The next day was the doozie: scuba diving. I was excited. I faced and defeated one of my fears, and since I had no precedent with this, I was feeling confident. For a while, anyway.

We get fitted for gear, jump on the boat and motor out to our beginner dive spot. Before we even suit up, the instructor is going over the skills we will go over before we can safely scuba. As she reviews how to recover and purge the regulator if it gets lost, how to purge water from your mask, and how to handle inflation and deflation of the buoyancy vest and how to come up slowly to re-pressurize your lungs and ears I feel my heart start racing and my breathing get shallow.

I put on my gear, fall backwards off the boat, and inflate my vest. Okay, so far so good, but I think ManFriend can see a thin layer of panic in my face. I put my face under the water just to get a sense of how it feels to breath through the regulator. Okay, that's fine...

Then the skills practice. It's coach, ManFriend, and me. We sink down, it's only about 5' deep, and she shows us the first regulator recovery technique. ManFriend does it fine. I, on the other hand, don't twist the regulator just so and get a face full of bubbles, and a mouth full of salt water. And I totally freak out and jet to the surface. Much hacking on the verge of ralphing ensues.

At this point my thin veil of anxiety has escalated to full on freak out. I'm gasping, choking, and shaking. Honestly, I just want out of the water. ManFriend calms me down and the coach says when I'm ready, we'll head back down and they will complete the skills and I can just look on. Maybe just being at the bottom and focusing on breathing will put me in a better place.

They go through all the maneuvers, and I'm still on emotional red alert. So rather than try to get to me do them, we just spend ~20 mins swimming along the floor around the boat. As long as I'm moving and looking at things, I'm okay, if we stop for any reason, I start thinking again about my breathing, how the regulator feels like it's going to float out, how it feels like water is getting in my mask even though it's not, and on and on. So, needless to say, I keep moving. We don't go any deeper than 10'.

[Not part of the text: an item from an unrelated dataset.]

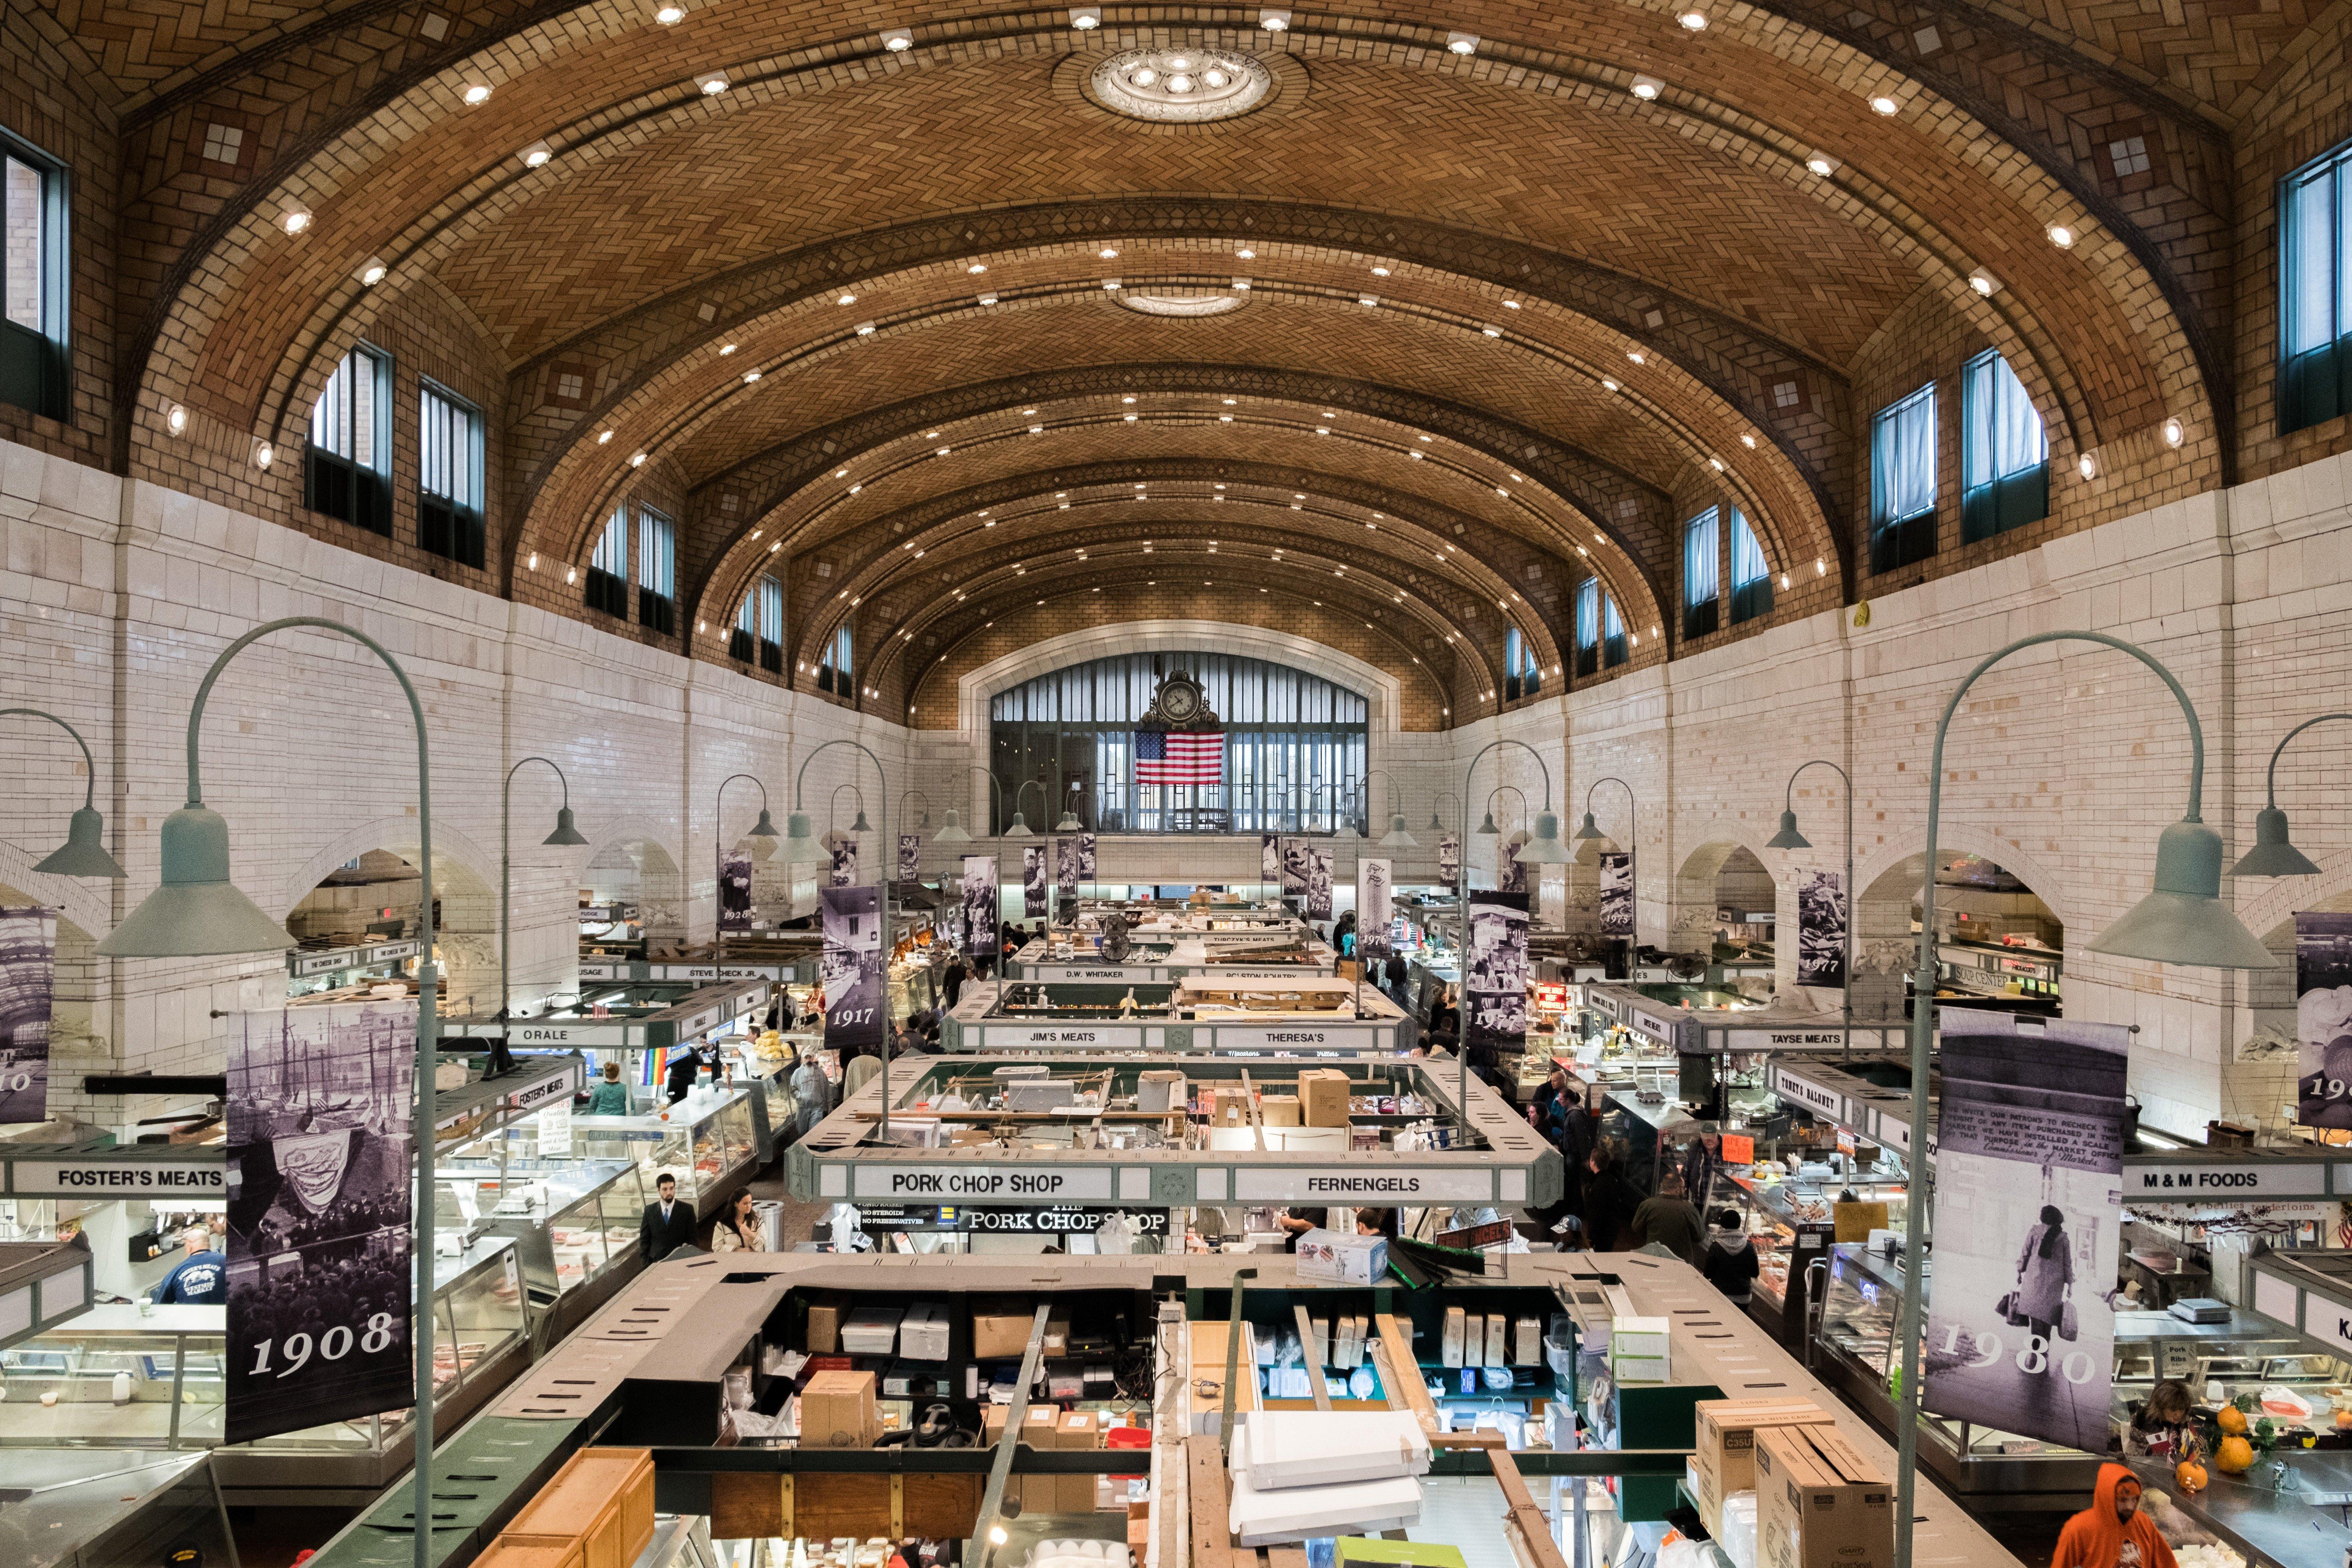 Image of the West Side Market

When I get out of the boat, I'm shaking like a chihuahua. And it wasn't cold. We were supposed to go to a second location and do a 40' dive, but I opt out of it and let ManFriend and the coach go out. I lay out and work on my freckles.

I guess the moral here is, hell, I tried. I failed. And you know what, I'm going to try again. ManFriend and I are planning on getting PADI certified in Feb, because I think for me, being in a more controlled environment like a pool is a much better way to overcome. Baby steps are the way to take it when attacking a new skill. And no matter how athletic or intelligent you might or might not be, you might not get it right away.

And I'll be damned if the ocean is going to insult me like that and get away with it.